[Task objective]: The line with "List all the" marks the first line to copy, and the line with "all possible rational" marks the last. Transcribe that stretch of the data below exactly, without pictures.

[Extracted entries]:
★ ★ ★ ★ ★ ★ ★

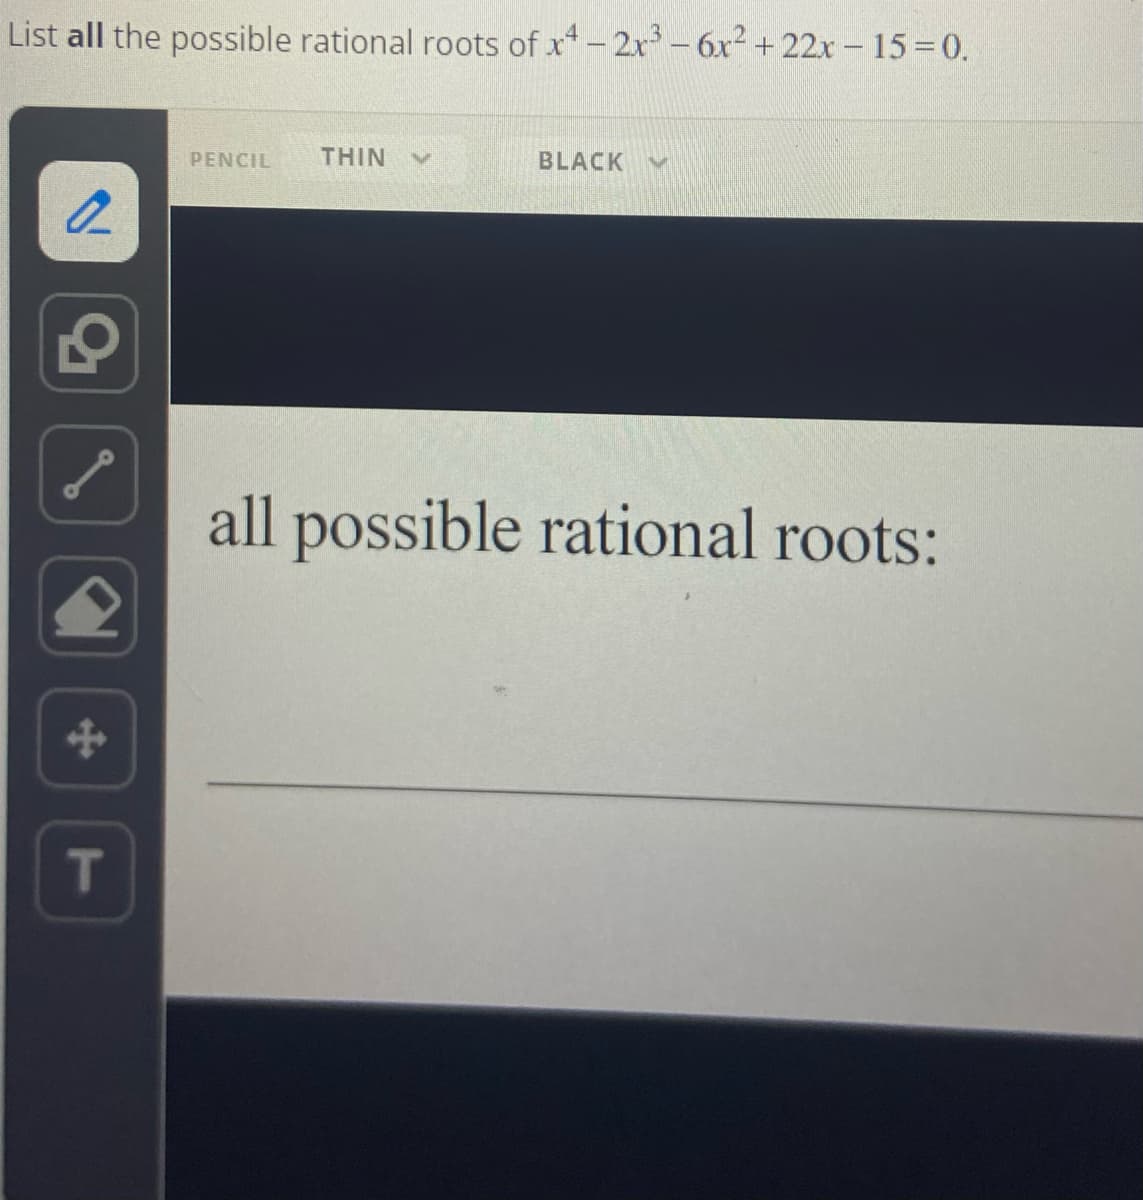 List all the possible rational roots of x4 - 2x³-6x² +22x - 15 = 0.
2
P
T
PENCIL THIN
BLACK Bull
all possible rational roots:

★ ★ ★ ★ ★ ★ ★

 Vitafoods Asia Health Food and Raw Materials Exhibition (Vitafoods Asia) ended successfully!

★ ★ ★ ★ ★ ★ ★

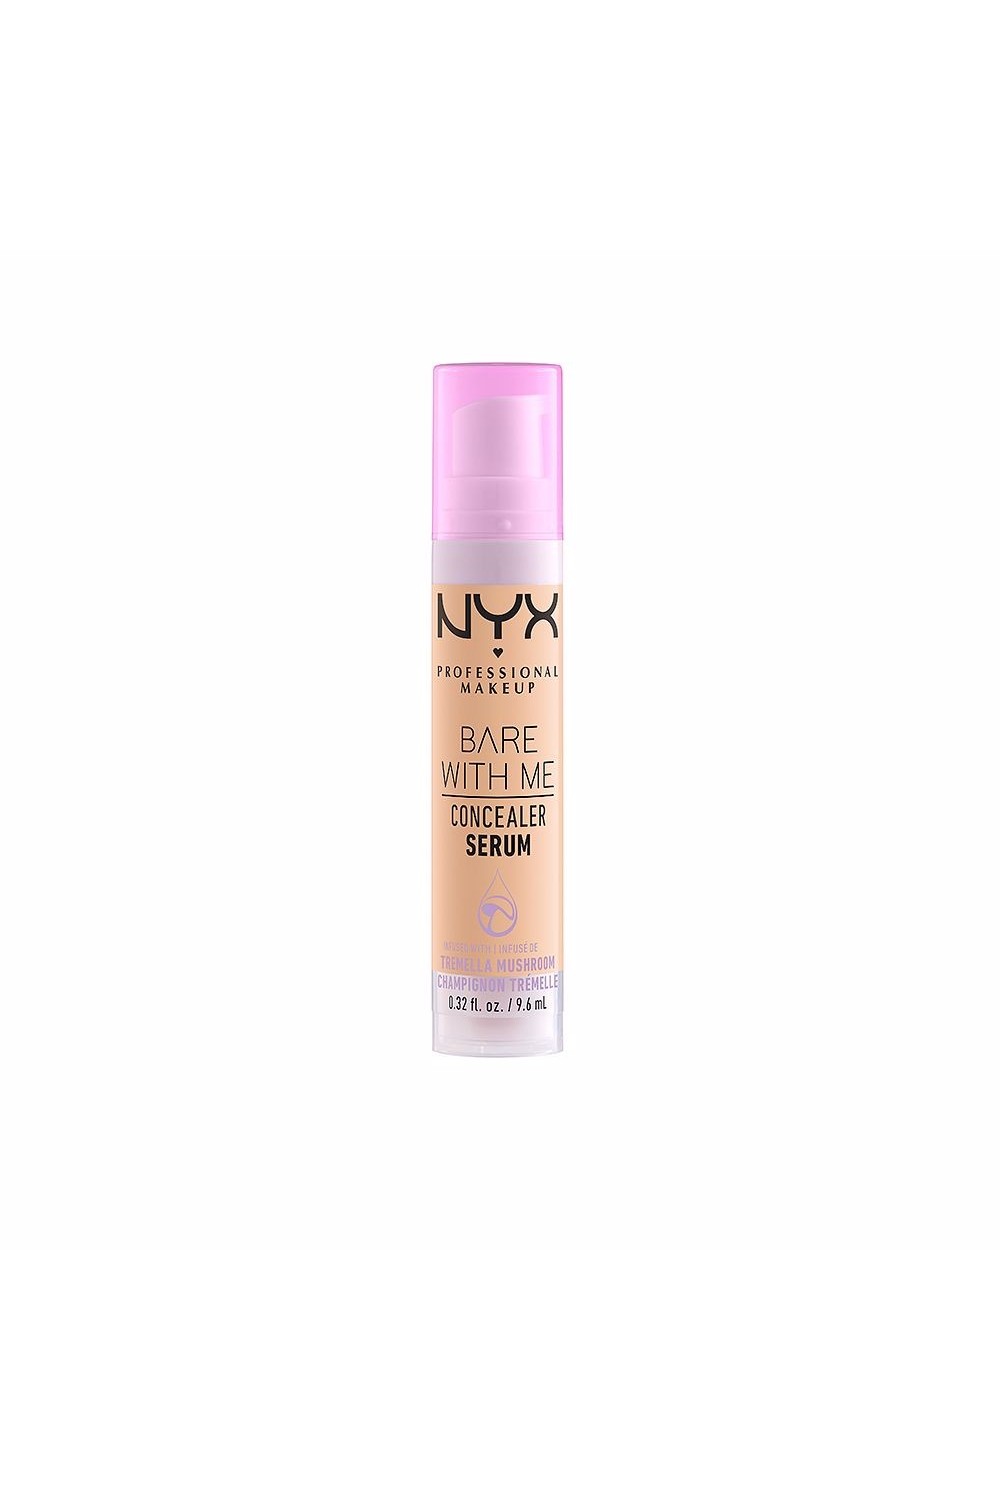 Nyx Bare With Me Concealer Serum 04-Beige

★ ★ ★ ★ ★ ★ ★

[The completed task]:
 List all the possible rational roots of x4 - 2x³-6x² +22x - 15 = 0.
2
P
T
PENCIL THIN
BLACK Bull
all possible rational roots:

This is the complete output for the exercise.